AIM OF THE TASK: Copy the records below exactly, starting at the line that contains "Konvolut Stereobetrachter und" and ending at the line that contains "Bin City Trucks"; leave out any pictures.
** Opening RECORDS SUPPLIED block **
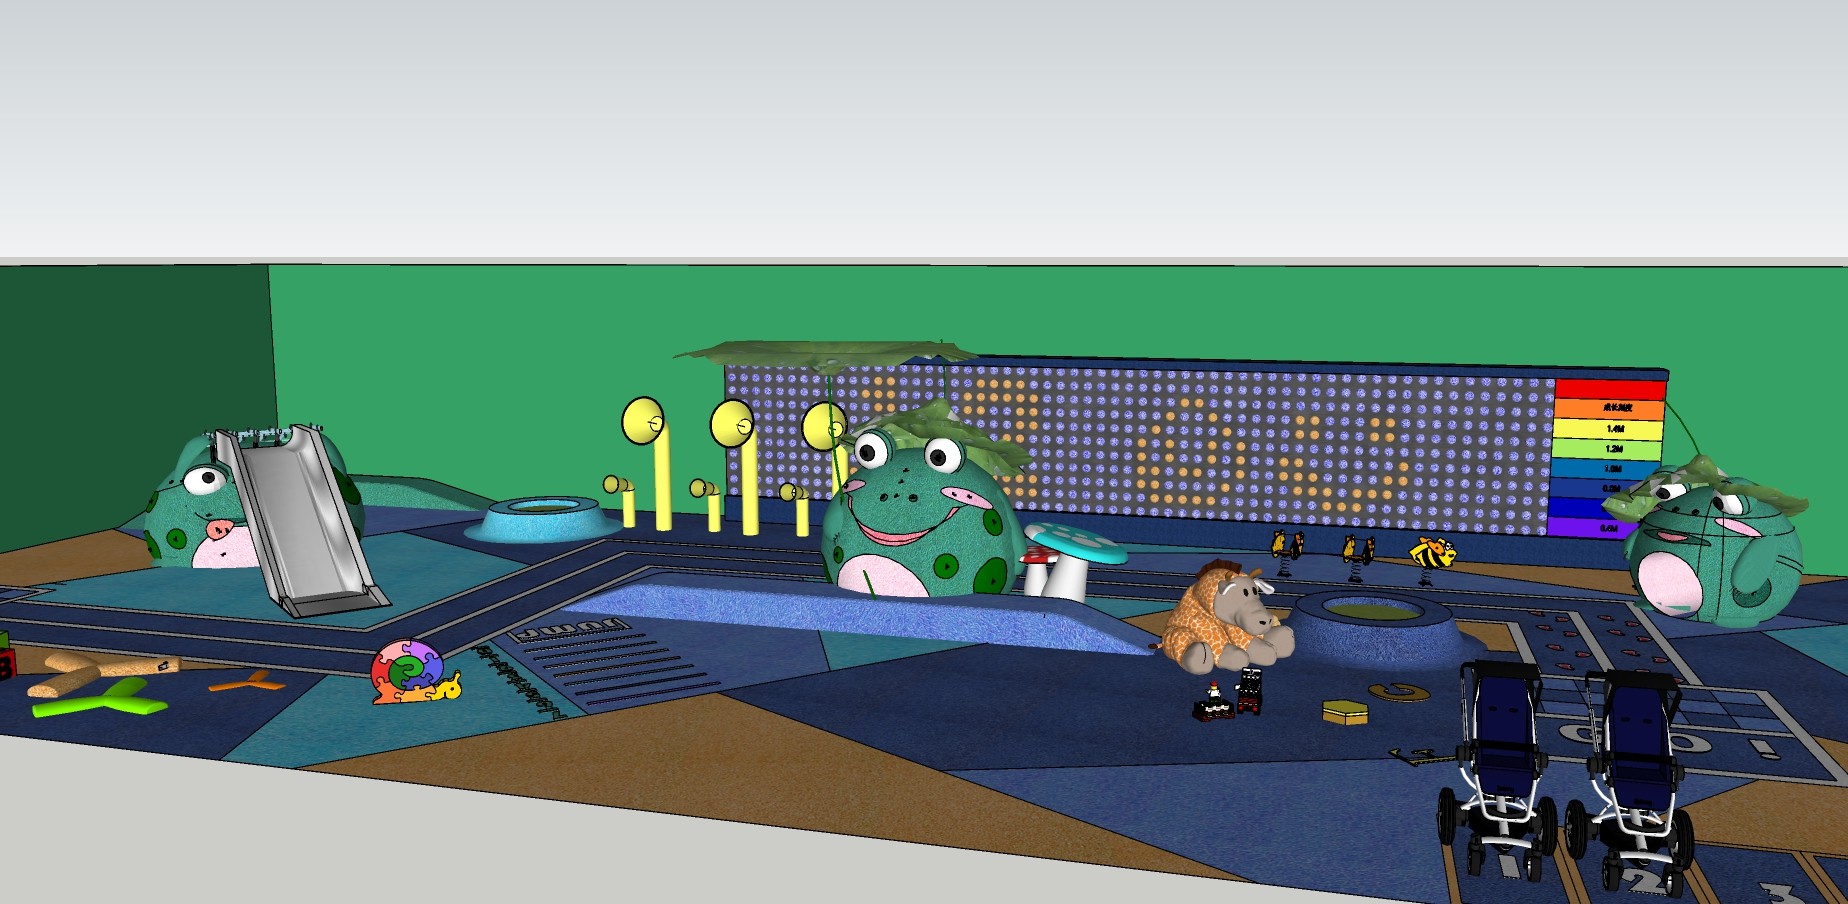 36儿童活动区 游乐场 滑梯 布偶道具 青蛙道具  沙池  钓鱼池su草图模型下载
** Closing RECORDS SUPPLIED block **
** Opening RECORDS SUPPLIED block **
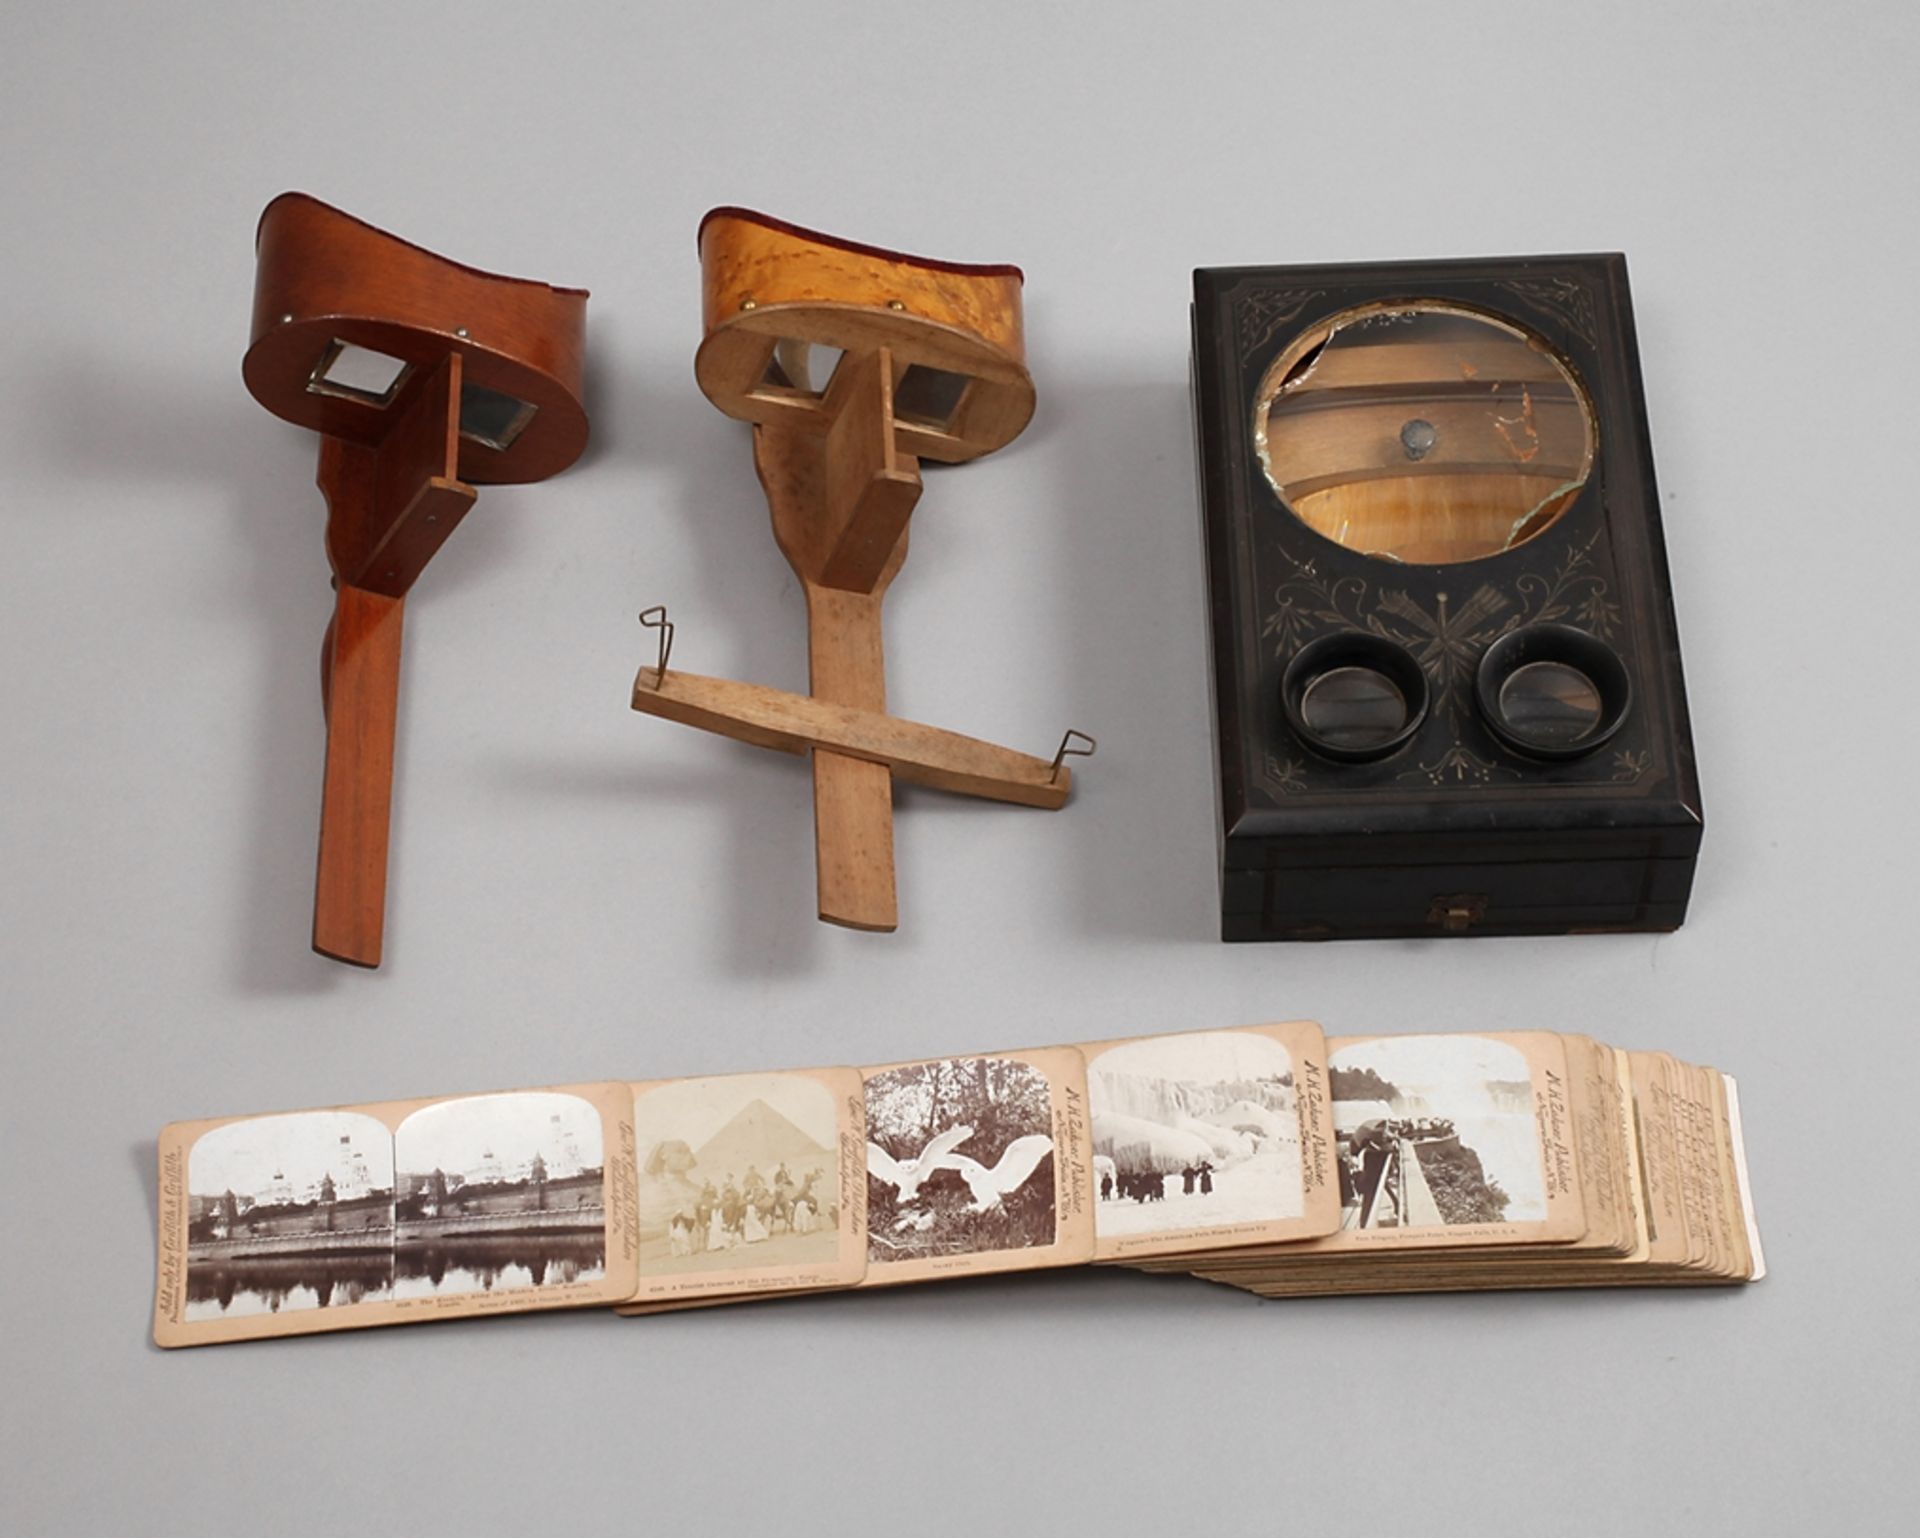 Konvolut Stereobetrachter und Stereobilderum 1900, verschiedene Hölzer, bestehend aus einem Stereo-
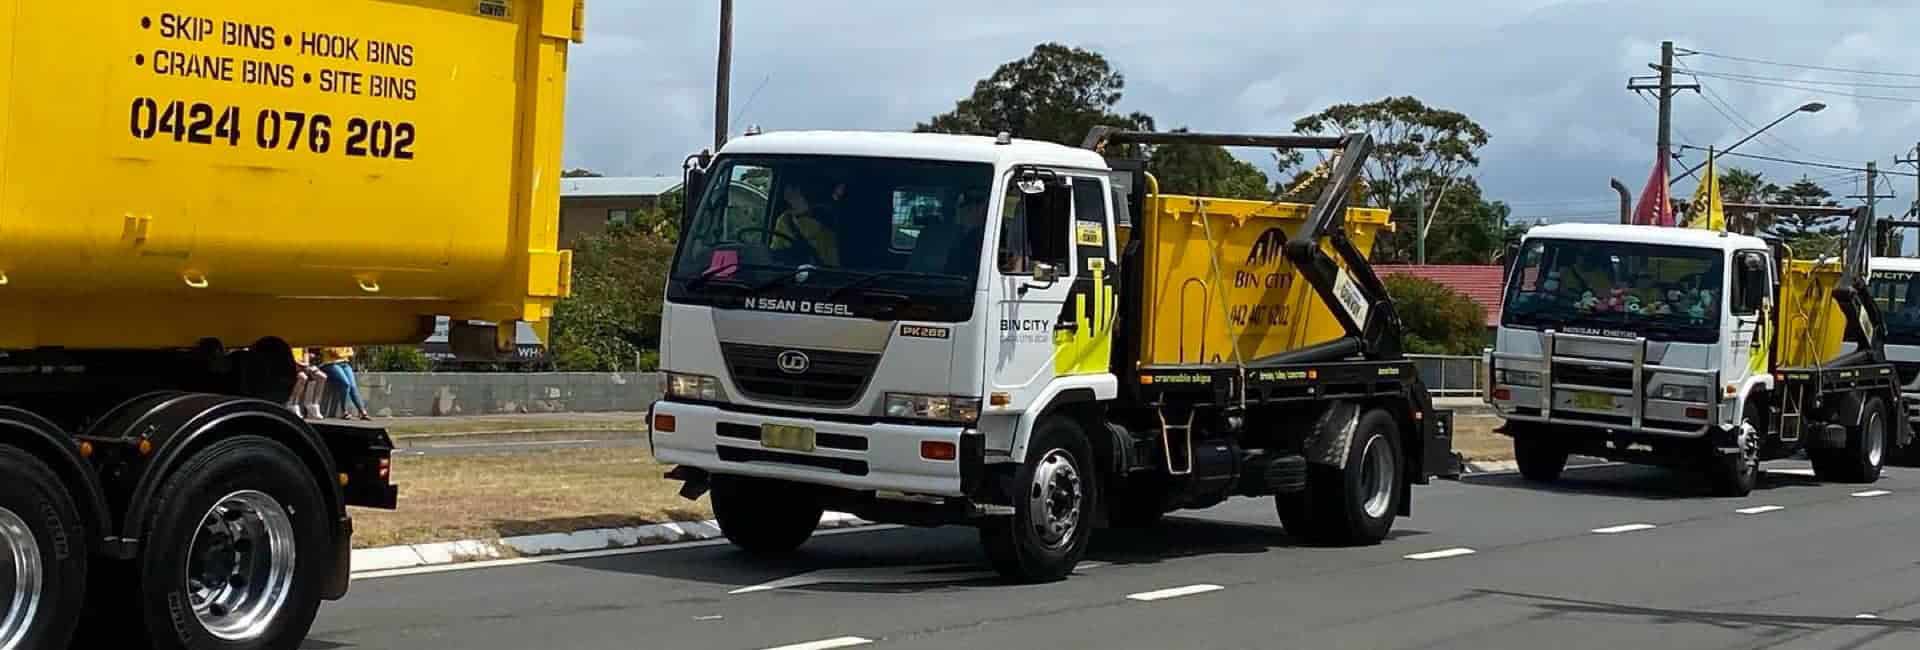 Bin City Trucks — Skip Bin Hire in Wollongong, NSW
** Closing RECORDS SUPPLIED block **
EXERCISE ANSWER:
 Konvolut Stereobetrachter und Stereobilderum 1900, verschiedene Hölzer, bestehend aus einem Stereo-
 Bin City Trucks — Skip Bin Hire in Wollongong, NSW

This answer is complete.